Let us consider a real-time example where a Federal Communication Commission(FCC) website broke down when it was unable to handle critiques about net neutrality. This is where serverless would come into action and would make an actual change in scenario-the scale of traffic generated could have been handled effectively if the FCC had used a serverless platform. This example explains the assistance of elasticity and cloud-bursting to handle larger capacity sites.
The aspect which makes serverless attractive is the cloud offering an environment that assists artificial intelligence and middleware that integrates flawlessly with the serverless platform. The adoption of such service not only enables application dependency on service provider environment and vendor lock-in-which but also provides another revenue stream for a cloud provider.
Characteristics
The serverless platform is distinguished by many characteristics and hence while choosing a platform, a developer should be aware of it. Some characteristics of Serverless computing are listed below,
- Cost: In the case of Serverless computing, users pay only for what they use which corresponds to the time and resources when the serverless function is active. The resources that are estimated, such as the pricing model, memory or CPU, vary among various service providers.
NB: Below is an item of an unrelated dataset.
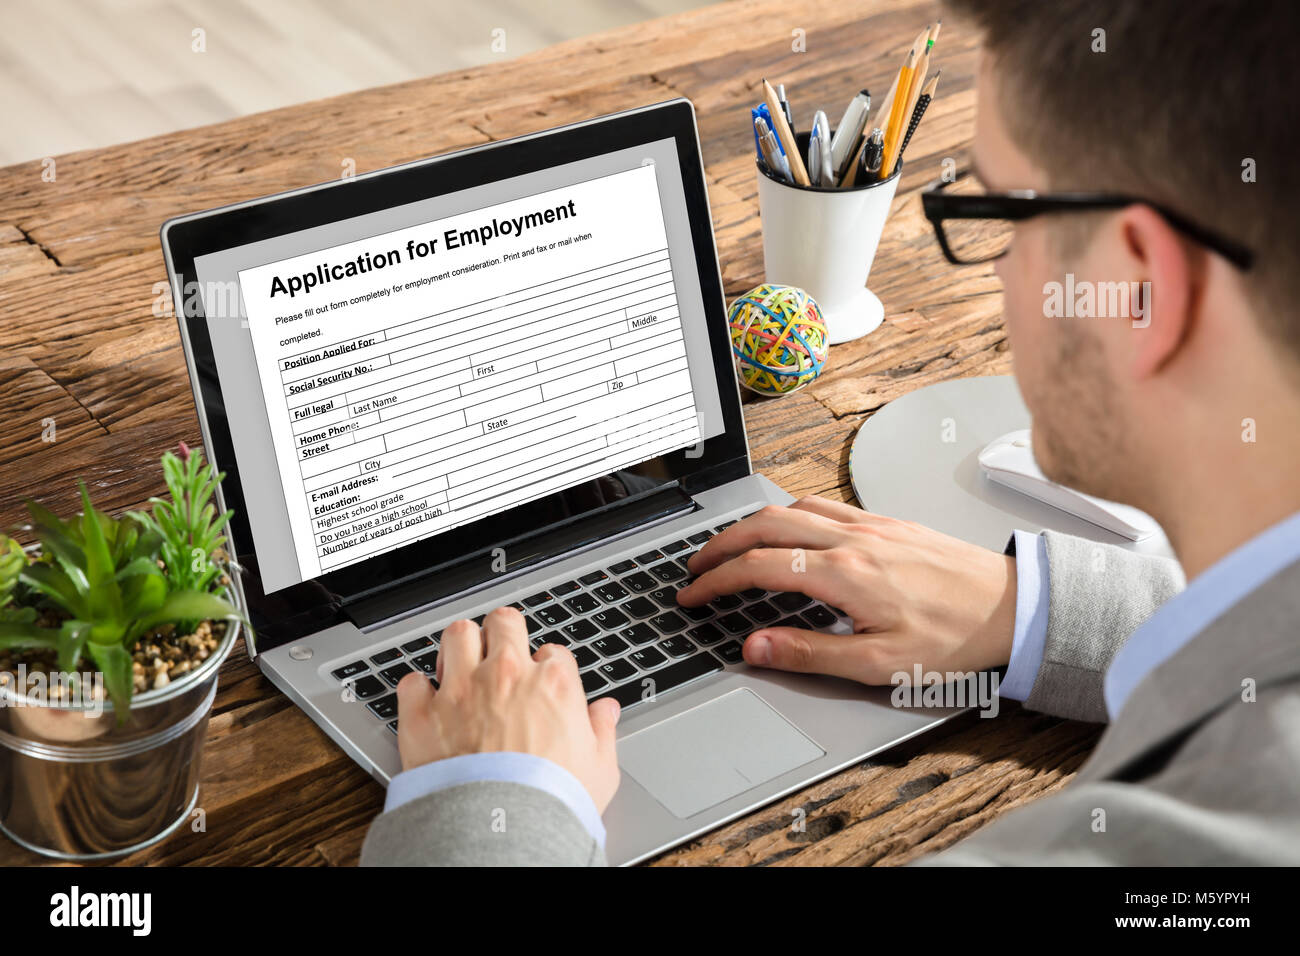 Close-up Of A Young Businessman Filling Application For Employment Form On Laptop At Workplace Stock Photo

- Programming languages: JavaScript, Java, Python, Go, C#, and Swift are the variety of programming languages supported by Serverless services. While most of the service providers support more than one programming language. Some of the providers are limited to only one language.
- Monitoring and debugging: Added capabilities are provided to help developers to detect errors, find bottleneck etc. Every single platform which supports debugging is recorded in the execution log.
- Deployment: Deployment is made as simple as possible by platforms where the developer must hand over a file with the function source code. It can also be packaged as an archive with multiple files stored in it and the service providers would take care of rest of the issues as simple as that.
Security Aspects
Here, the developer is not accountable for ensuring the security management of servers. It is the responsibility of the service provider to do so, but it requires the user to entrust the provider with the responsibility of securing their infrastructure.
Almost all service providers restrict access to functions through authorization such as roles and policies. To distinguish them, each of them is facilitated with a key or other security credential. Through this method, unique security entity will be provided to a function. Functions can be invoked by employing a gateway.
Serverless Providers
Some of the pay per use model serverless providers are listed below
- Microsoft Azure Functions: Microsoft introduced itself into the serverless environment through Azure function following the trend of serverless computing. It allows you to run your custom code on demand without having to worry about where its running or its scalability. Moreover, the runtime of the function is open-source. Microsoft Azure functions provide 400,000 gigabyte-seconds of computing time and 1 million requests which are free of cost each month like AWS lambda. Other than that, following the pay per use model, the customer is debited for what he consumes.
- AWS Lambda: Amazon offers a serverless computing service called AWS Lambda. In this model, the duration is calculated from the time the execution of the code begins until it terminates. The costs for transferring data are also shown in the table above. The expenses are based on the number of bytes for outgoing data transfer.
- Google Cloud Functions: Google Cloud Functions support Bitbucket or GitHub as the primary repository for deploying functions. Google Cloud Functions charge the customers for CPU usage in addition to the amount of invocation and allocated memory. Based on function invocation, the allocation of CPU clock cycle may vary.
Conclusion
Serverless platforms certainly prove to be a game changer in the current century. Here rather than very low latency, high-throughput plays the key role. The financial aspect of presenting tasks in a serverless environment make it a convincing way to reduce hosting costs considerably and to increase the pace of time to market for transmission of new features.